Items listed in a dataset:
□ □ □

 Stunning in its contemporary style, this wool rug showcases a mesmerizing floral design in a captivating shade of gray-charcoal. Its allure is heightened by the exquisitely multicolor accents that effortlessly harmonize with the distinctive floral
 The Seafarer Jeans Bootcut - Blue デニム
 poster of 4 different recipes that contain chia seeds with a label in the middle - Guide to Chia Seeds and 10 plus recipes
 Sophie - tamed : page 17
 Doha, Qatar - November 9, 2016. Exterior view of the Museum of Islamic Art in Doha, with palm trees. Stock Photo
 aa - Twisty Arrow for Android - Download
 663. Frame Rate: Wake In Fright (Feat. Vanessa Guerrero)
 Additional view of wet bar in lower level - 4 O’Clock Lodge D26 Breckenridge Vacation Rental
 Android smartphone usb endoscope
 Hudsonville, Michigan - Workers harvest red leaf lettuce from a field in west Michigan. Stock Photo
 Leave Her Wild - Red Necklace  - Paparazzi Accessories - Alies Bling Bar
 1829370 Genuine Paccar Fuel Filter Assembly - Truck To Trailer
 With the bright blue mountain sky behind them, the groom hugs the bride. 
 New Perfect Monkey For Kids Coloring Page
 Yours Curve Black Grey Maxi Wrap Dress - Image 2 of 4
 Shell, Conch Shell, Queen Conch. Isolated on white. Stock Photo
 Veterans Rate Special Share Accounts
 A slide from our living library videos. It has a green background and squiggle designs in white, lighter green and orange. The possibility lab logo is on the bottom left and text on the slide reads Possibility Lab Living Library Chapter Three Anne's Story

□ □ □

What the task asks: What is needed is an exact copy of the lines from the one containing "Veterans Rate Special Share Accounts" through the last line of the records above, both included.

Response to this task:
 Veterans Rate Special Share Accounts
 A slide from our living library videos. It has a green background and squiggle designs in white, lighter green and orange. The possibility lab logo is on the bottom left and text on the slide reads Possibility Lab Living Library Chapter Three Anne's Story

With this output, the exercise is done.